I don't see why this is necessary or advantageous. You could just do several queries, maybe UNIONed together, one for each namespace, and that will work with a (cl_to, cl_namespace, cl_sortkey, cl_from) index. The only advantage would be that pages can't get moved between the category namespace and other namespaces, so if we only stored subcategory-ness, we wouldn't have to update anything extra on page moves, and there'd be little to no risk of errors creeping in. This is an advantage of sticking to the current subcats/pages/files approach, but we can't have that if we want to fix bug 450. (Not sure if we need to or not.)

*** Bug 24271 has been marked as a duplicate of this bug. ***

(In reply to comment #50)

If we can't fix this quickly (and it looks like we can't), can we at least add
a message to each category page explaining this issue?

This would be a reasonable interrim solution. Just knowing that there are more subcategories is a huge usability benefit.

ayg wrote:

I'll be working on this bug. I hope to have a solution coded up within a couple of weeks. I wrote a post to wikitech-l about it, and encourage people to respond there rather than here (since this involves several bugs):

http://lists.wikimedia.org/pipermail/wikitech-l/2010-July/048399.html

ayg wrote:

This was fixed in trunk as of r70415. Subcategories, files, and other pages sort in three separate sections.

felsodaniel wrote:

I don't think this is fixed, just see: http://en.wikipedia.org/wiki/Category:Computer_stubs
It says "This category has the following 8 subcategories, out of 16 total."

Bugs are marked as fixed right away when the code is fixed. It then takes time before end users see the fix, until entities like Wikimedia update their code to newer version. When that happens, bugs can be marked as verified or closed, but that doesn't seem the actual practice here.

felsodaniel wrote:

I checked the version of the English Wikipedia (http://en.wikipedia.org/wiki/Special:Version), it's r72153, so it should be "fixed".

That is a different branch of the software. Don't rely on those numbers.

ayg wrote:

Wikimedia is way behind on code updates. There's no guarantee on when Wikipedia will see the features, but they're fixed in trunk -- which means there's no more development work to do, so there's no purpose for the bug to remain open. The fix is done, it just has to be deployed, which will happen along with all the other tens of thousands of revisions that aren't live yet.

It might not go live for months to come, who knows. The last full scap was around r64689, and that was based on REL1_16, which was based on r62818 of trunk. That was in February. The revision numbers don't tell you what's live, as Derk-Jan points out, since Wikimedia is using the wmf branch of the code, not trunk. I only gave the revision number so it would produce a commit link.

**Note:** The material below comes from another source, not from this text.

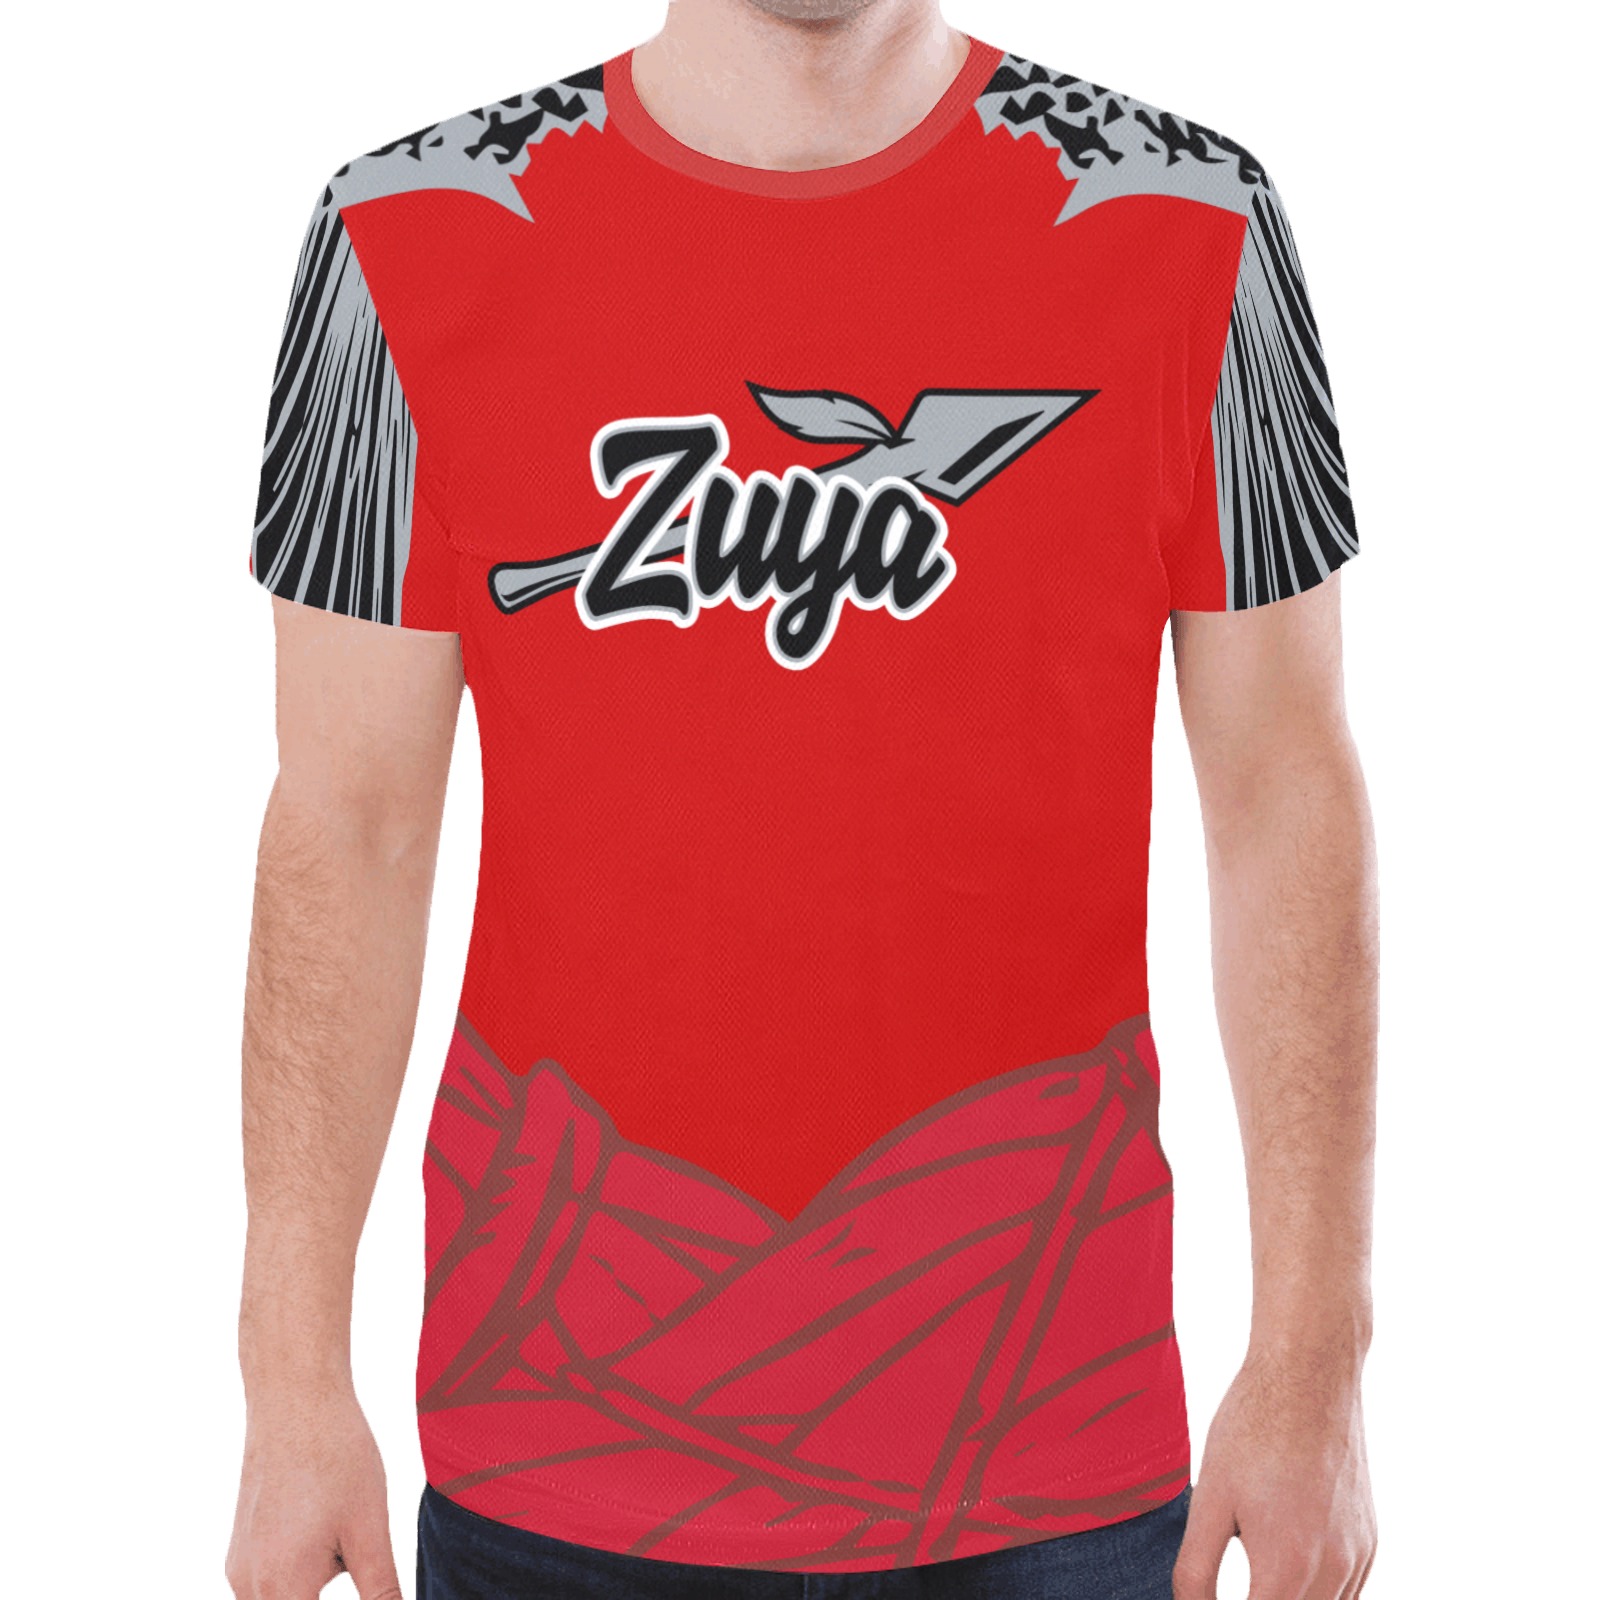 zuya-95-XL New All Over Print T-shirt for Men (Model T45)

So do we file a new bug that asks to implement the fixed bug?

ayg wrote:

If anyone is going to be interested in deploying this out of schedule, they won't need a bug to remind them to do so. Plus, I doubt it will happen till bug 164 is fixed.

(In reply to comment #65)

The patch is included in release 1.17. See
http://svn.wikimedia.org/viewvc/mediawiki/branches/REL1_17/phase3/RELEASE-NOTES?view=co

As an aside, last i heard the category stuff was going to be deployed slightly later then the rest of 1.17 (On Wikimedia).

If someone can link an example category, pls do so.

Also, please let us know when this was included in a stable MW release.

ayg wrote:

This is in 1.17, as comment 65 says. It will be in a stable release when 1.17 is released. It will be enabled on Wikimedia at some time in the relatively near future. Please be patient.

johnnymrninja wrote:

1.17 is live, though I have not been able to confirm that this is fixed. I've edited categories and they do not move to the front. It could be some sort of category lag... Can someone confirm that this is now working properly on WP?

(In reply to comment #69)

1.17 is live, though I have not been able to confirm that this is fixed. I've
edited categories and they do not move to the front. It could be some sort of
category lag... Can someone confirm that this is now working properly on WP?

1.17 was deployed with the category changes stripped out. Tim has been working on doing the required database schema changes yesterday and today, and I guess we'll roll out the related software changes in the next few days.